Return the lines of the data below starting at the one holding "Kongl. Förordningar 1711—1727" and ending at the one holding "Ink. från Rådhuset", word for word, leaving every picture out.
═══ The data
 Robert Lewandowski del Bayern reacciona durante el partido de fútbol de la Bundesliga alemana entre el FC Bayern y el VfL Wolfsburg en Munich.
══════
═══ The data
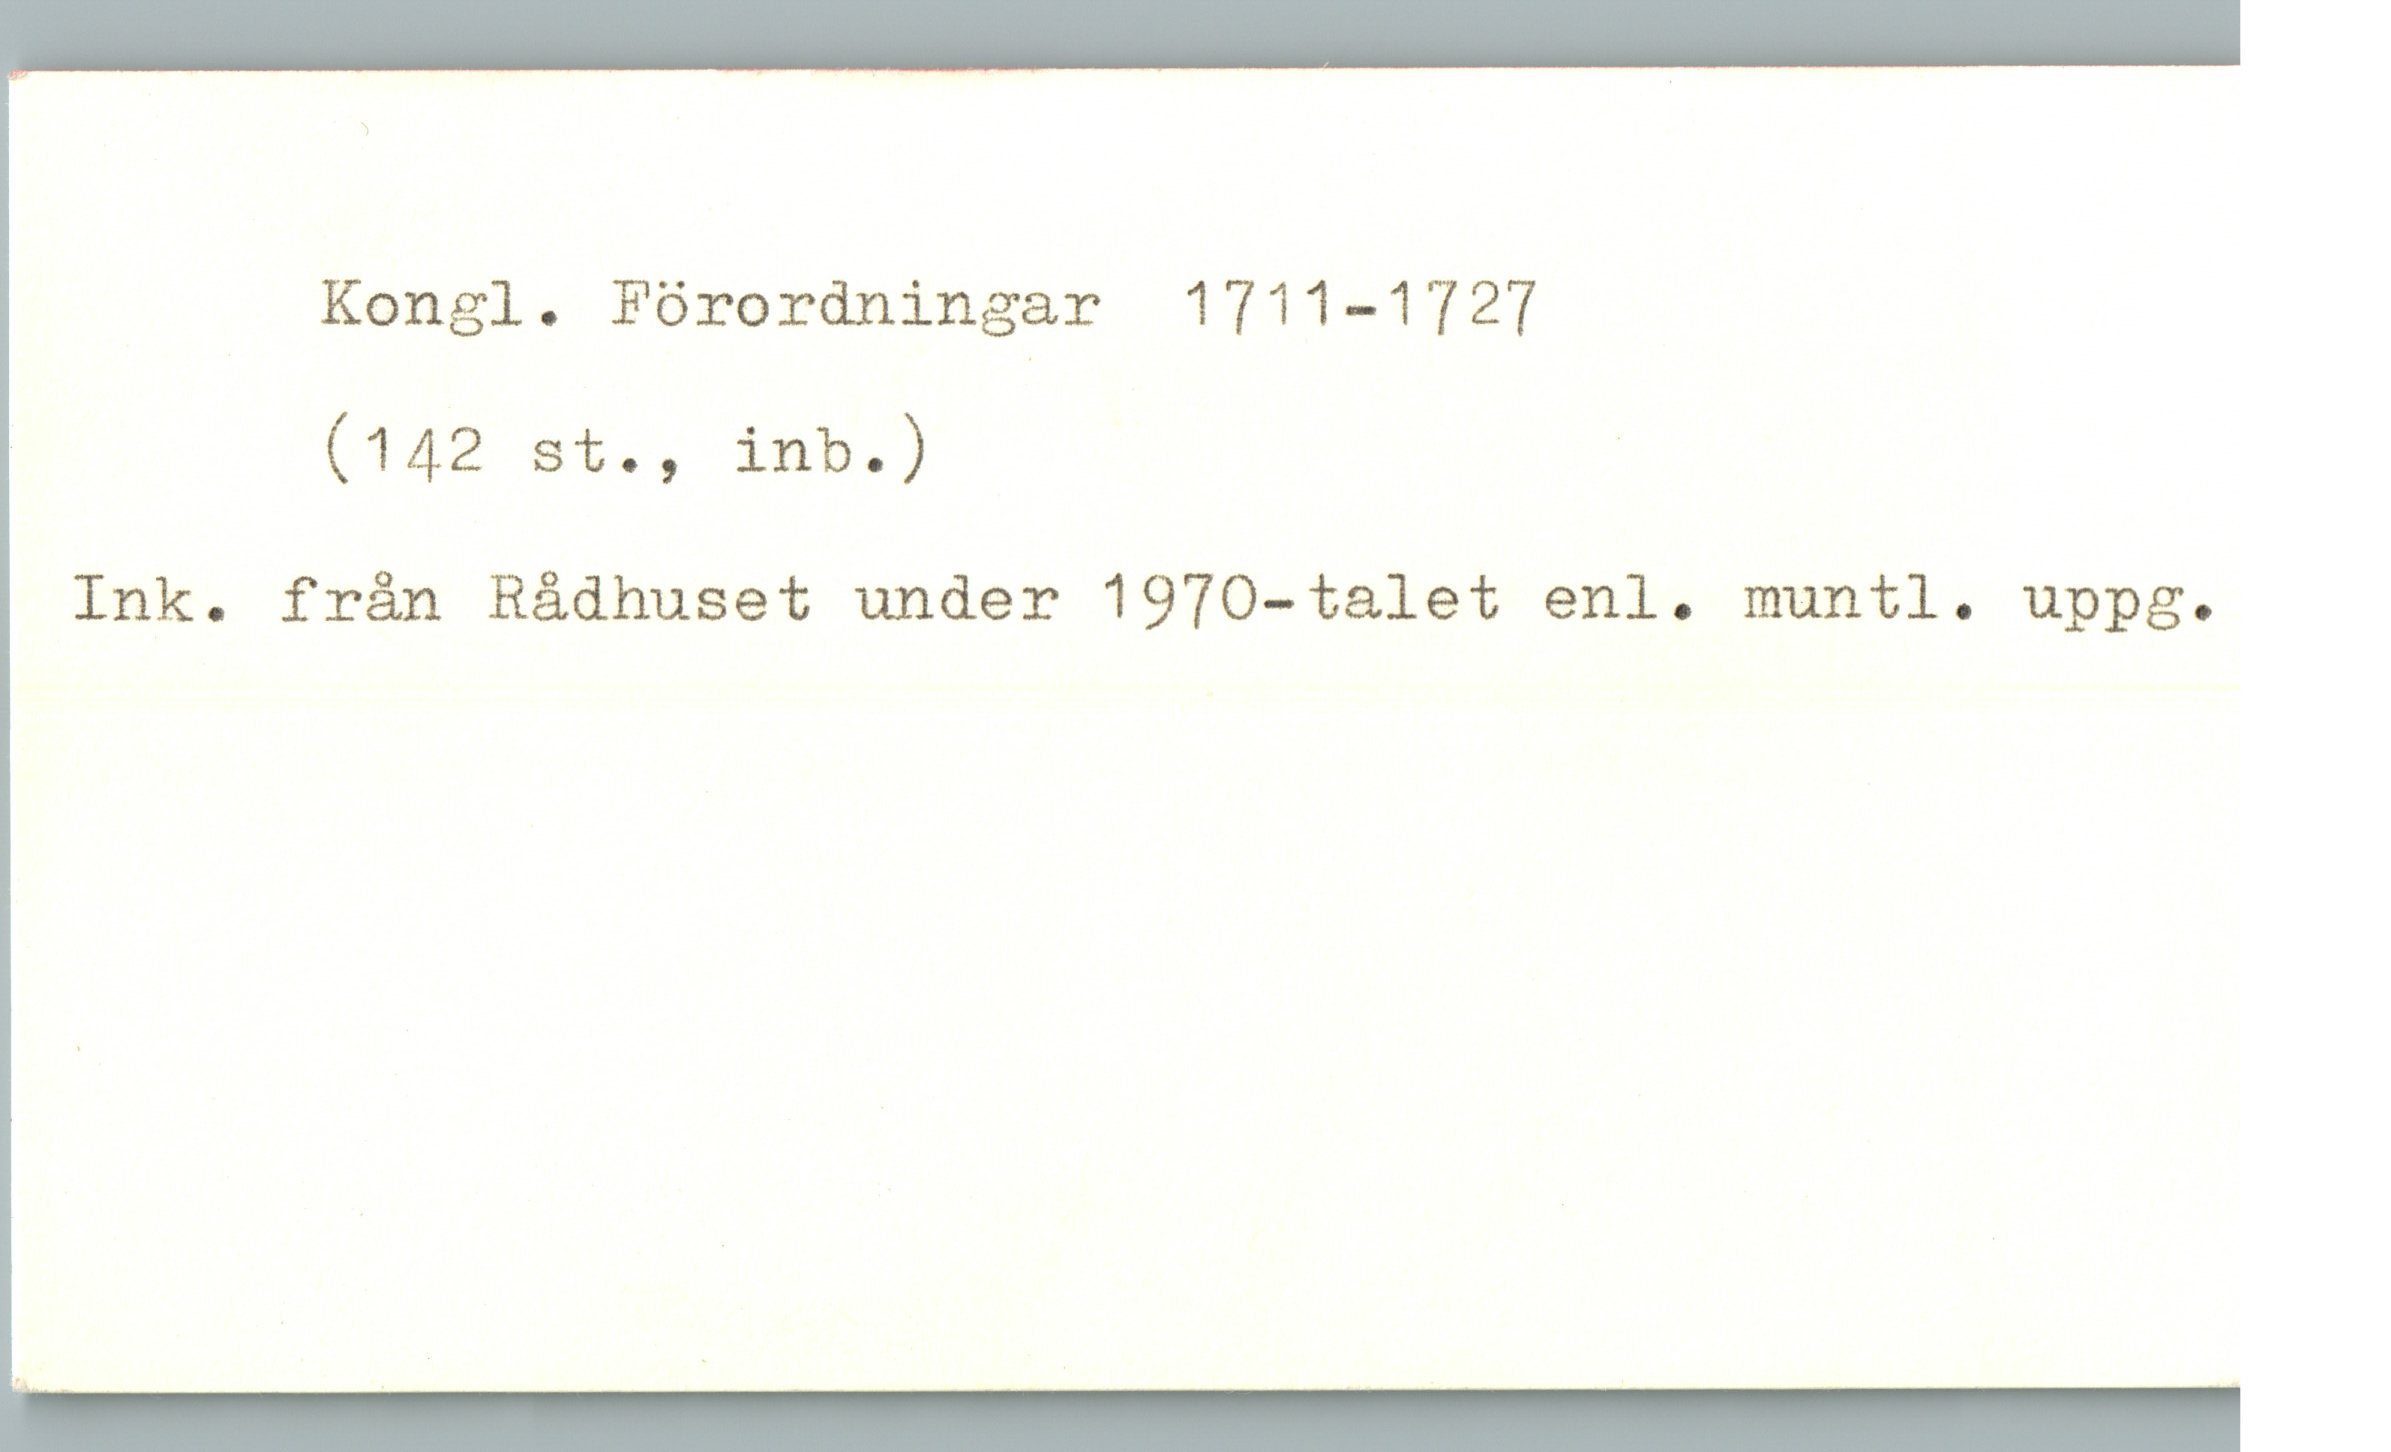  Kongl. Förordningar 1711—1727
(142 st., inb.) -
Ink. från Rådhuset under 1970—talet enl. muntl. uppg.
══════
═══ The data
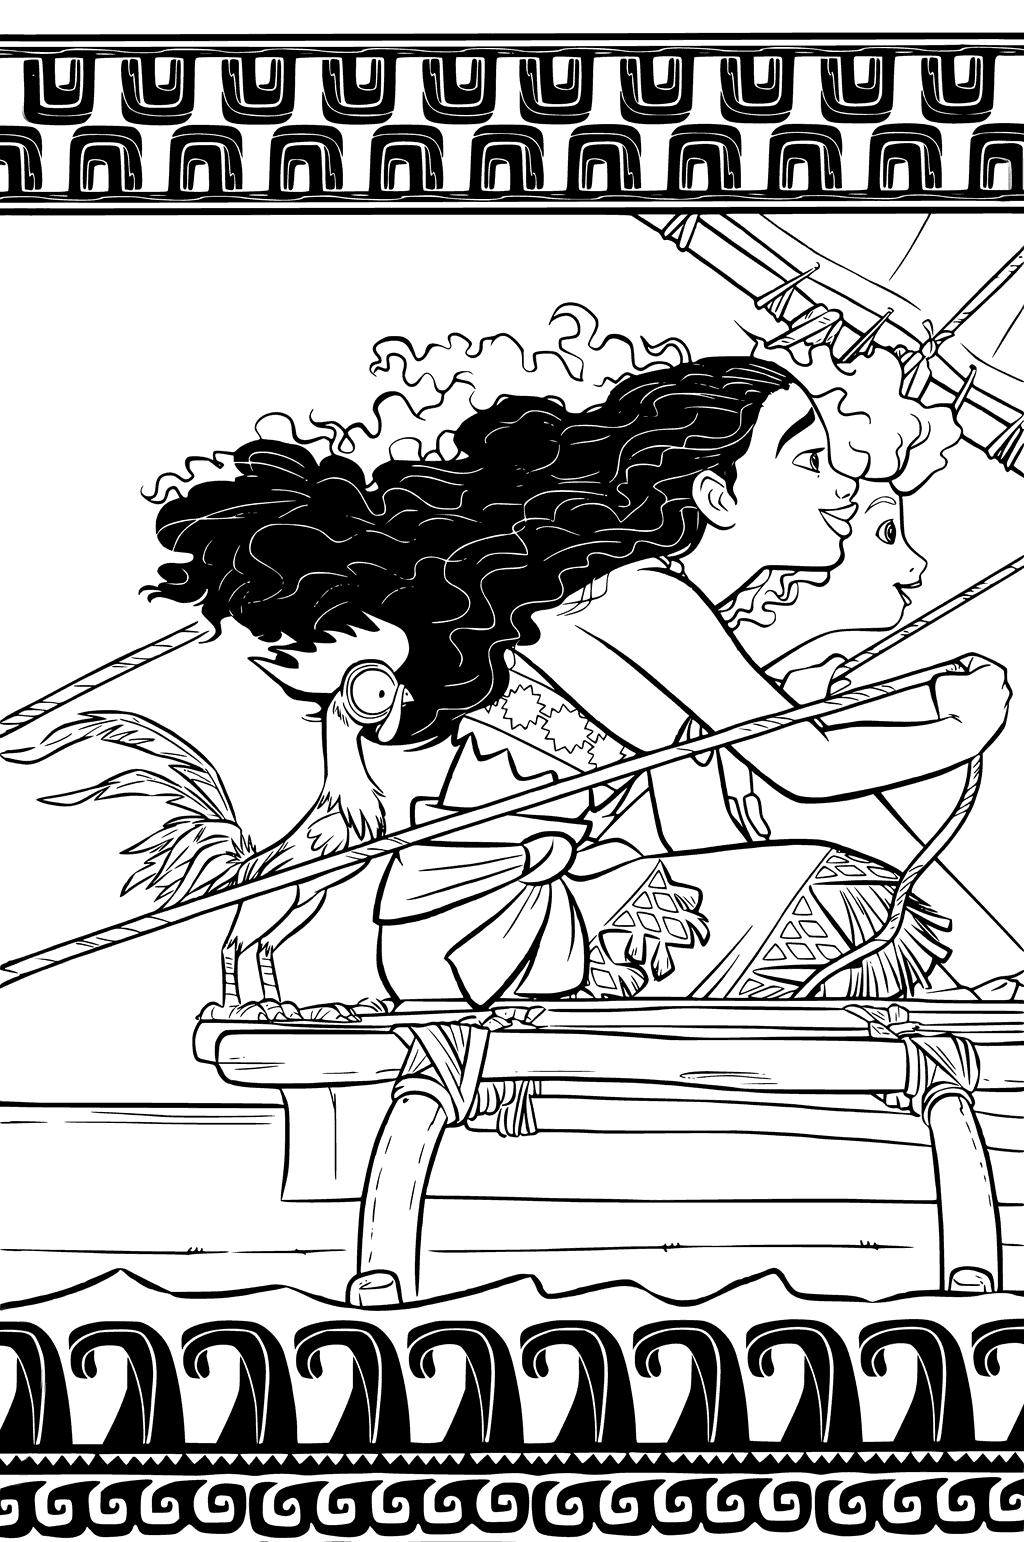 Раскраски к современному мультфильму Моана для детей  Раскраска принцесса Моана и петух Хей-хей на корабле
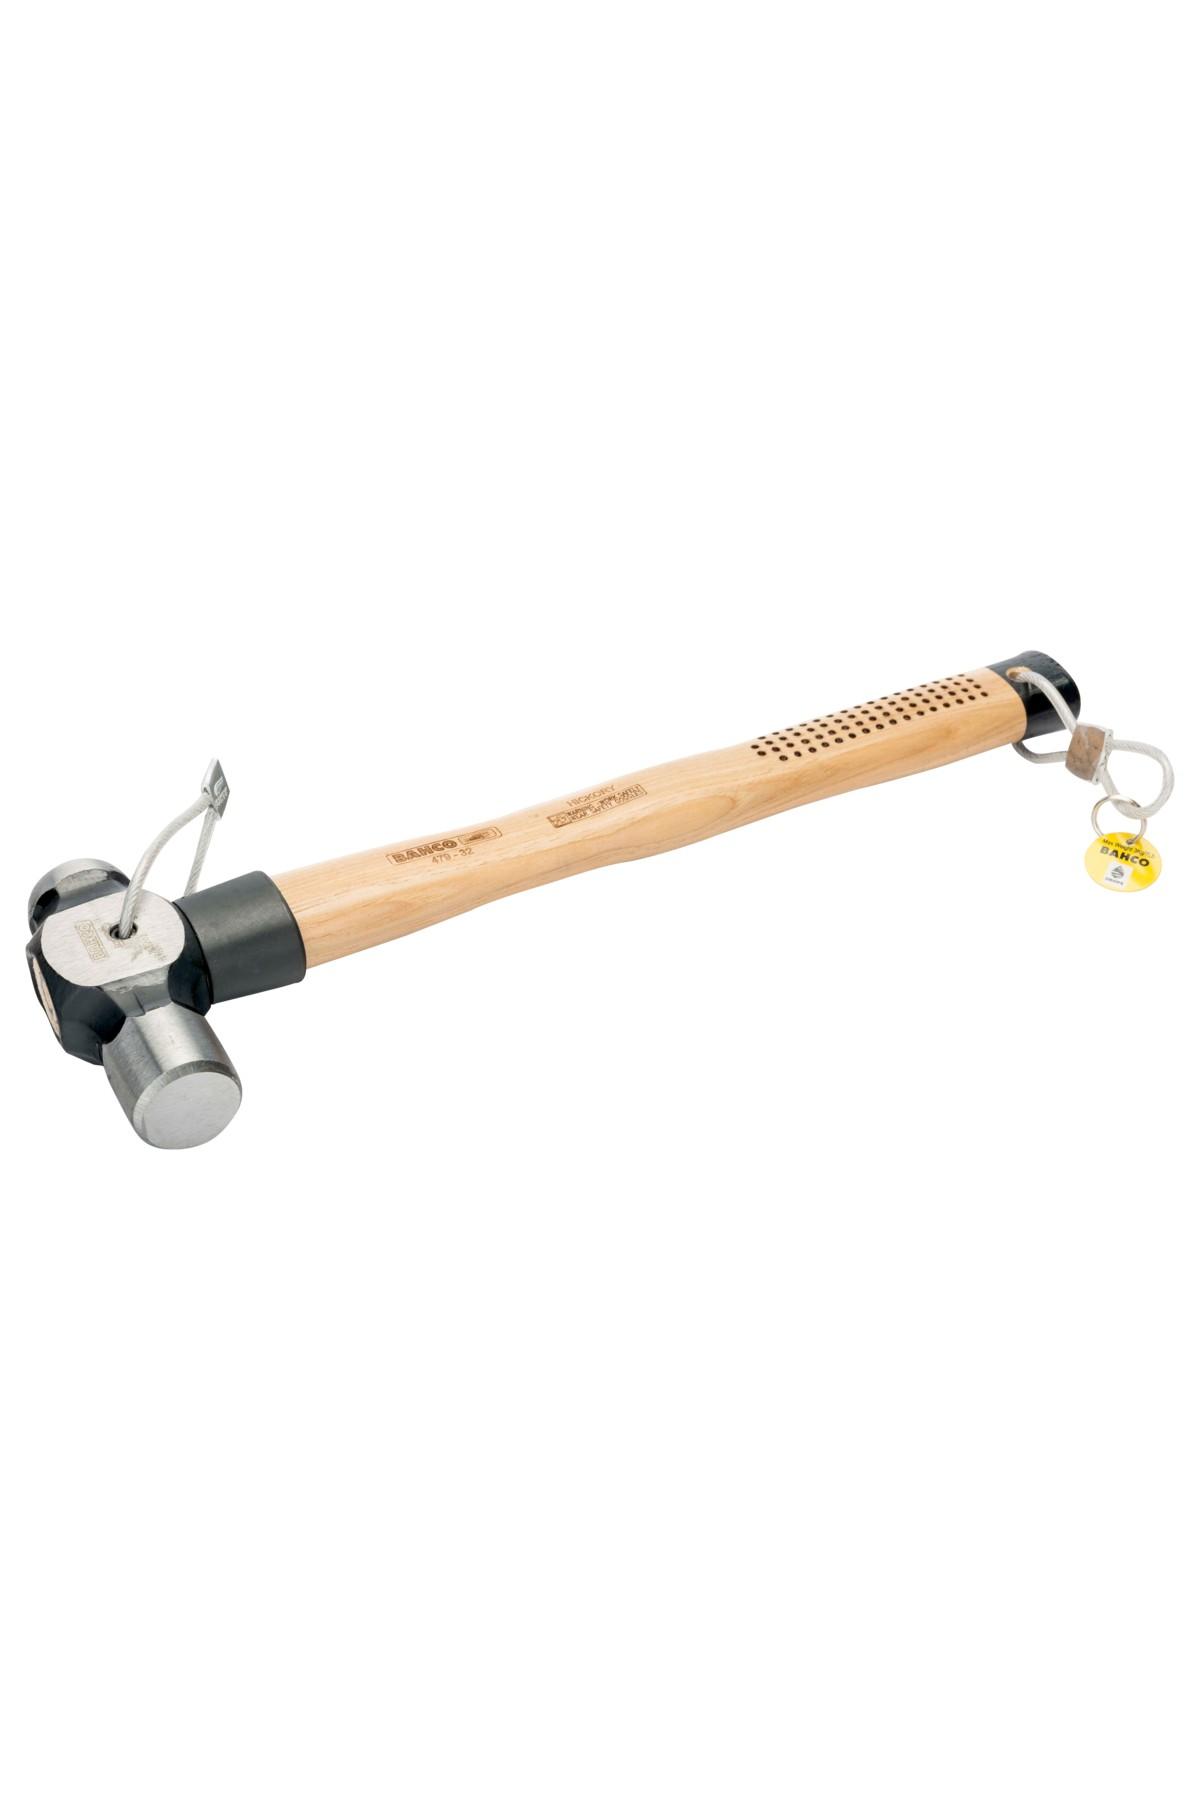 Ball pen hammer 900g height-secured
══════
■ Written solution:
  Kongl. Förordningar 1711—1727
(142 st., inb.) -
Ink. från Rådhuset under 1970—talet enl. muntl. uppg.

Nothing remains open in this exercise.